Refrigerated loadings drop 0.5% in June
July 25, 2012
After struggling during the second half of 2011 and into the early portion of 2012, Refrigerated loadings saw a resurgence in April but have since dropped. Refrigerated volumes fell 0.5% in June to 4.207 million. Volumes in the second quarter were revised significantly higher, with all of the gain occurring in April. Once again, this helped to improve the year-over-year comparison and it actually showed a positive reading for 2 months before dropping again in June, falling 0.8%. Year ago comparisons will get significantly easier starting next month.
Freight volumes were flat in 2009 after growing 4.3% in 2008 – one of the only sectors to show growth in 2008. Loadings were also flat for full year 2010, up just 0.1%. Refrigerated freight fell during every quarter of 2009 and then rose during every quarter of 2010 – leading to two consecutive years of no growth despite substantial quarterly movements. Growth was also low in 2011, up just 1.6%. This is very typical of this market segment. 2011 actually saw volumes decline quarter-over-quarter for the whole year.
There was a small uptick in volumes during Q1, up just 0.2%. It was the first quarter-over-quarter gain since 2010. That was followed by a strong increase of 1.9% in Q2 – the largest increase since a 3.1% quarter-over-quarter gain in Q4 of 2010. Prior to April and May, Refrigerated loadings had remained solidly negative since last October on a year-over-year basis.
The Q2 increase will help the refrigerated segment achieve its historical average of 1% growth in 2012, rather than the flat market we had forecast last month. Still, this market is well below the industry average and will stay that way during this recovery. Positive year-over-year comparisons should return in July as we overlap a period of weakness that started last July and lasted until April’s surge. 2012 is now expected to grow 0.7%, followed by growth of 2.3% in both 2013 and 2014.
The April surge helped pull year-over-year comparisons positive for 2 months. An uncharacteristically strong surge in food production (as indicated by the Federal Reserves’ Industrial Production data) led to the upward revision for Q2.
Despite the uptick refrigerated volumes continue to cycle less than the total market. This performance is completely normal. We expect it to continue. This is a more non-cyclical market segment and generally stays within a narrow band of +/- 5%. People always have to eat. We are now at the negative portion of the refrigerated cycle where its very low cyclical pattern keeps growth below industry averages. The same modest numbers look very good during a downturn when the other segments fall sharply.

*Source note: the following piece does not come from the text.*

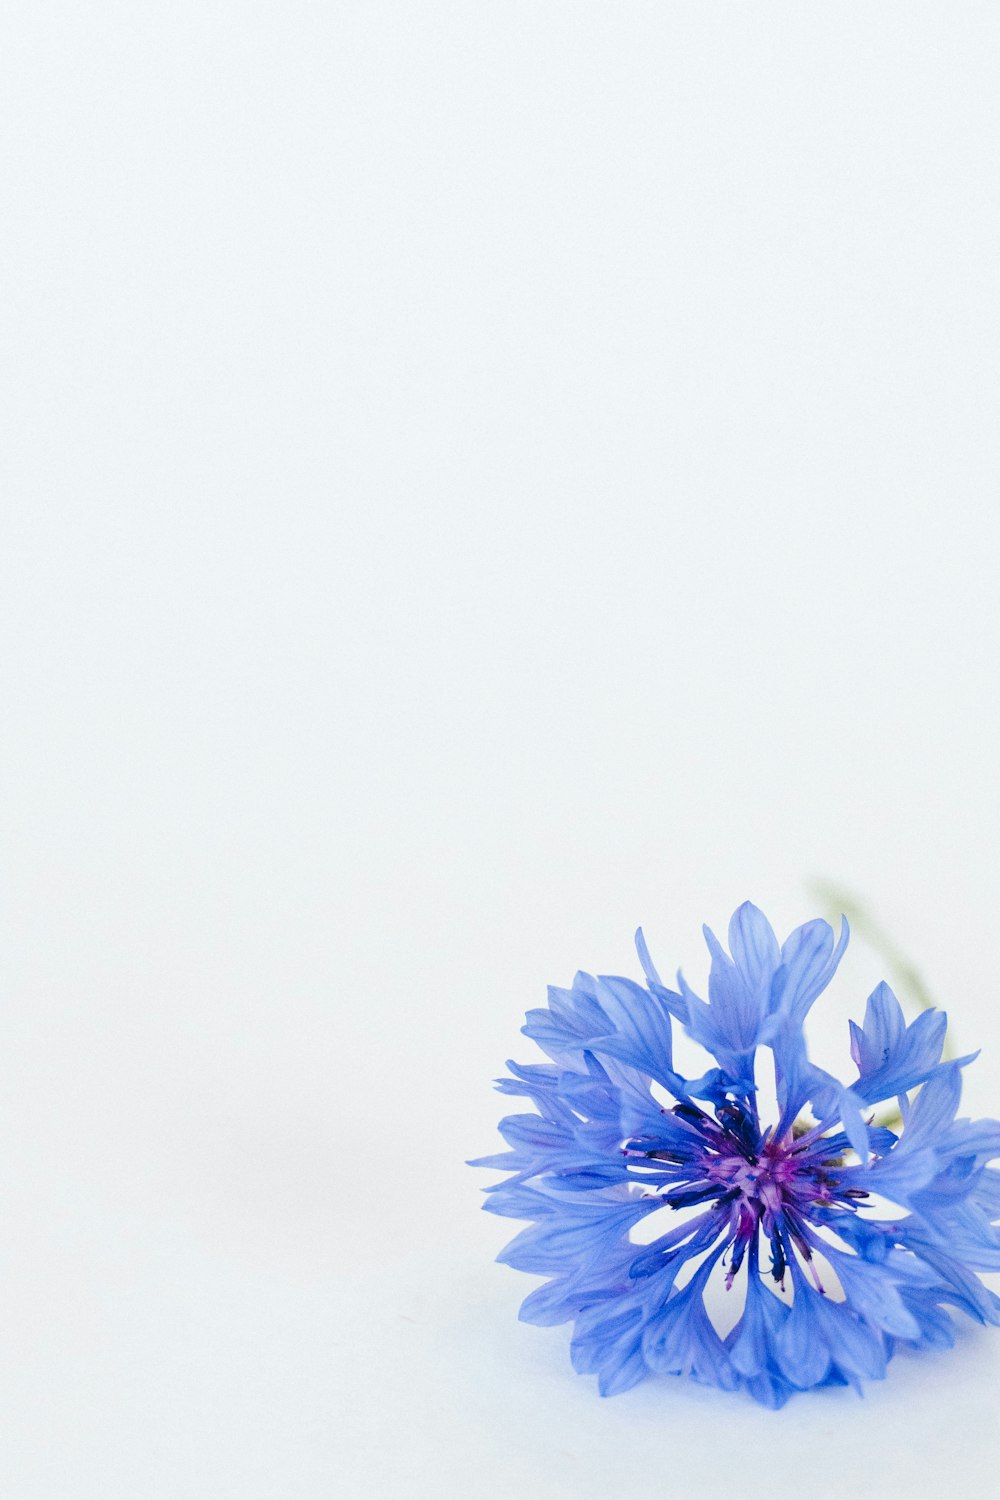 500+ Blue Flower Pictures [HD] | Download Free Images on Unsplash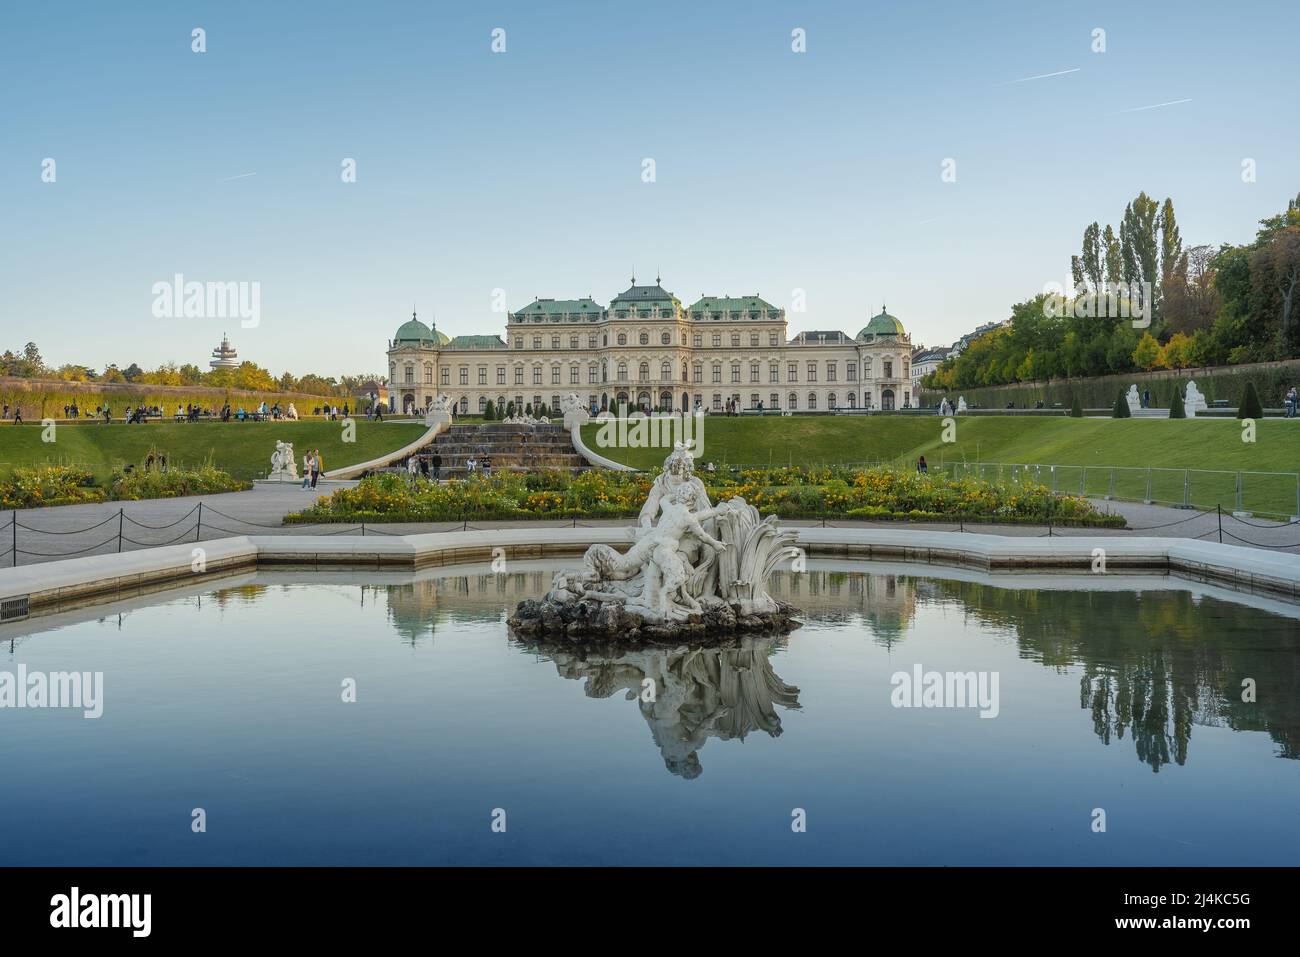 Belvedere Palace Fountains - Vienna, Austria Stock Photo

A slew of new Federal food regulations expected sometime in 2012 could increase the requirements for temperature-controlled trucking.
U.S. Truck Loadings is the estimated number of truck loads originated in the United States plus truck loads that come to U.S. destinations from Mexico and Canada. It is tons divided by the average tons per truck. FTR’s data is seasonally adjusted and measures both short and long-haul OTR segments.